Sporobolomyces koalae

Scientific classification
- Kingdom: Fungi
- Division: Basidiomycota
- Class: Microbotryomycetes
- Order: Sporidiobolales
- Family: Sporidiobolaceae
- Genus: Sporobolomyces
- Species: S. koalae
- Binomial name: Sporobolomyces koalae Satoh & Makimura (2008)

= Sporobolomyces koalae =

- Genus: Sporobolomyces
- Species: koalae
- Authority: Satoh & Makimura (2008)

Species of fungus

Sporobolomyces koalae is a species of fungus in the order Sporidiobolales. It is an anamorphic yeast. Strains of the yeast were isolated from nasal swabs from three of five captive Queensland koalas (Phascolarctos cinereus) kept at the Kobe Oji Zoo in Kobe, Japan. Swabs from three zoo keepers were examined as well, but tested negative for the presence of the yeast. It is not suspected to be pathogenic, as the koalas from which it was isolated were healthy.

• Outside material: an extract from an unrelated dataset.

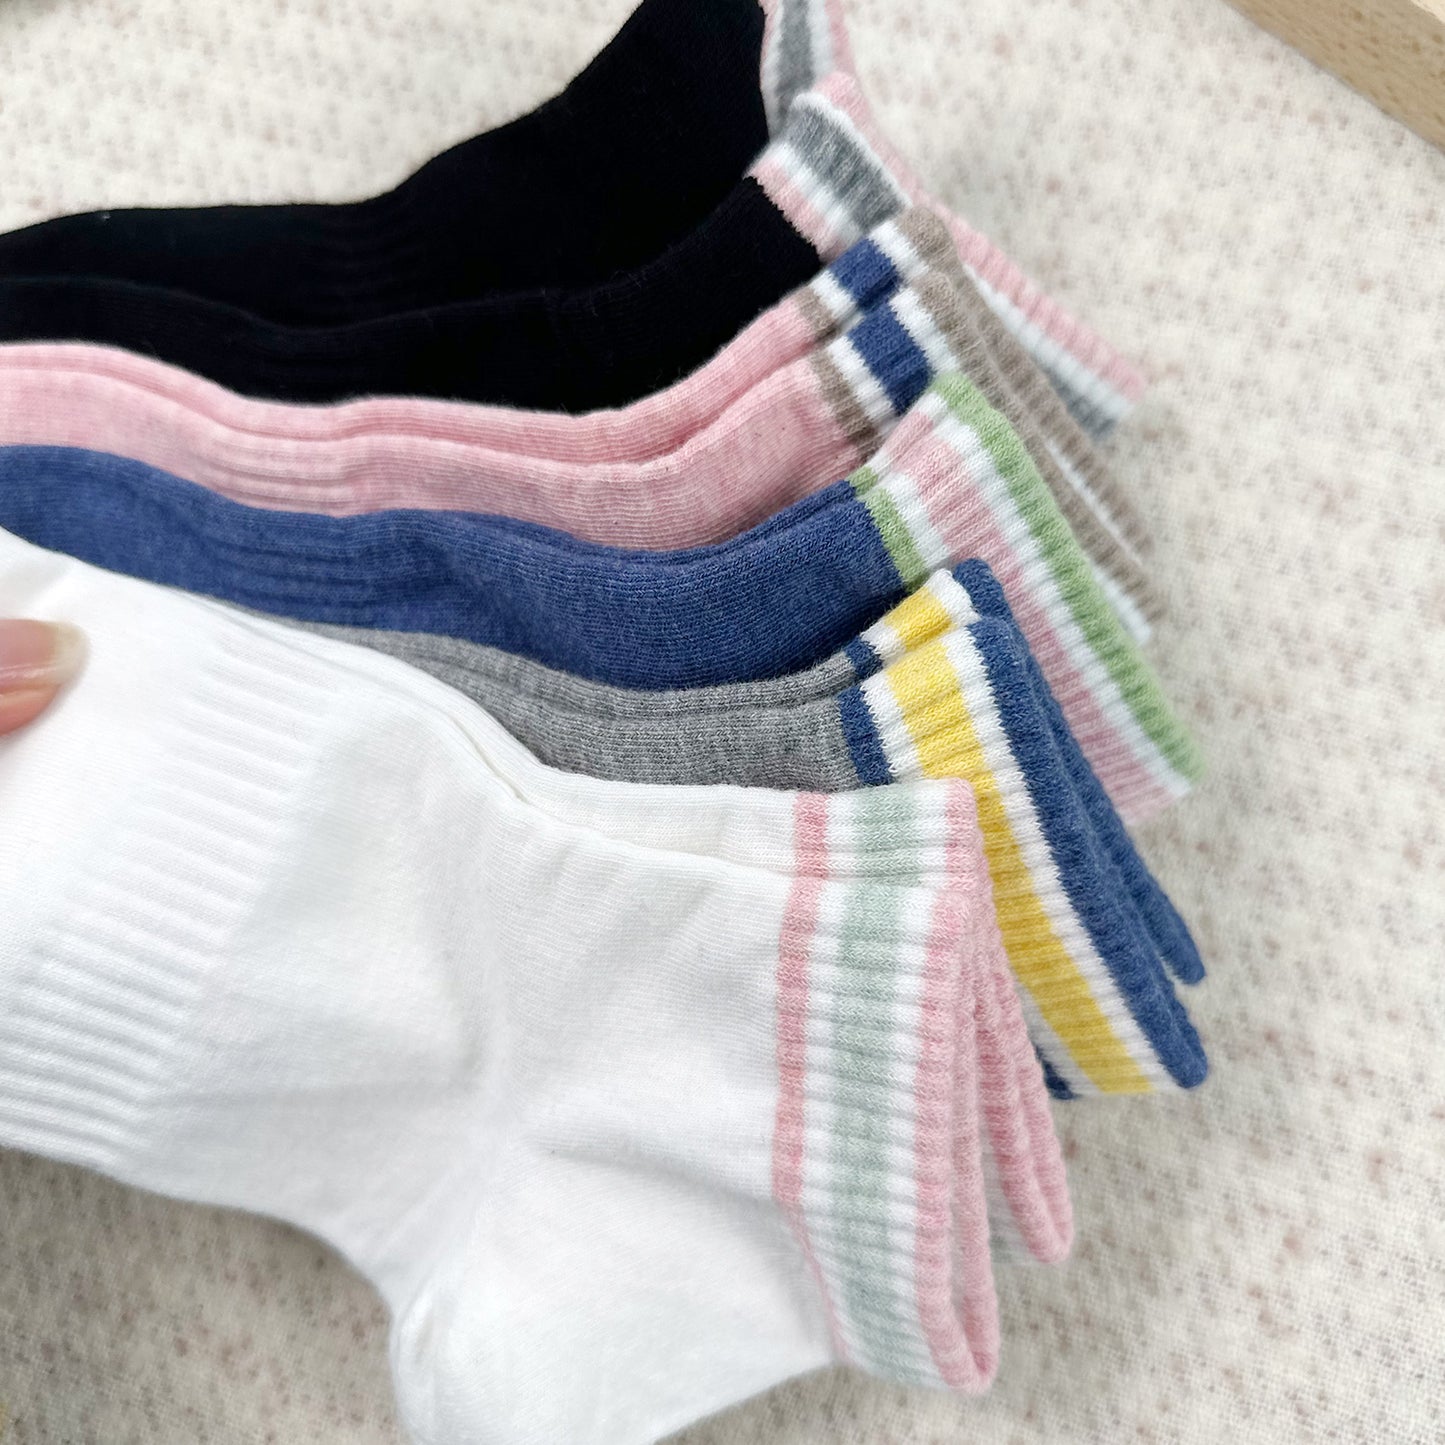 Women's Ankle Cream Board Socks

Using a suite of standard biochemical and physiological tests, the species was determined to belong to the Sporobolomyces, a genus of uncertain familial placement in the order Sporidiobolales. Using molecular techniques, the researchers prepared a cladogram using internal transcribed spacer sequences, which showed that the collected strains were genetically unique from other Sporobolomyces, and warranted publication as a new species. The yeast clustered in the Johnsonii clade of Sporidiobolus (the teleomorph form of Sporobolomyces).

The cells range in shape from egg-shaped, ellipsoidal, to elongated, measuring 2.5–5.0 by 5.0–15.0 μm, and occurring singly, doubly, or in groups of four. Asymmetrical blastoconidia are borne on short sterigmata, and measure 2.0–5.0 by 3.0–7.0 μm. The optimal growth temperature for the fungus occurs at a range of 28–30 C; growth stops at 32 C. Like other Sporobolomyces species, S. koalae has coenzyme Q_{10} as its major ubiquinone, it lacks the monosaccharide xylose in whole-cell hydrolysates, and it cannot ferment sugars. In carbon assimilation tests (used to assess the ability of the yeast to utilize different carbohydrates as its sole source of carbon aerobically), S. koalae was shown to be able to use glucose, sucrose, maltose, cellobiose, raffinose, soluble starch, D-mannitol, and succinic acid; it has a weak ability to use trehalose, melezitose, inulin, L-arabinose, glycerine, D-sorbitol, salicin, and D-gluconate. It can use ammonium sulphate and potassium nitrate as nitrogen sources.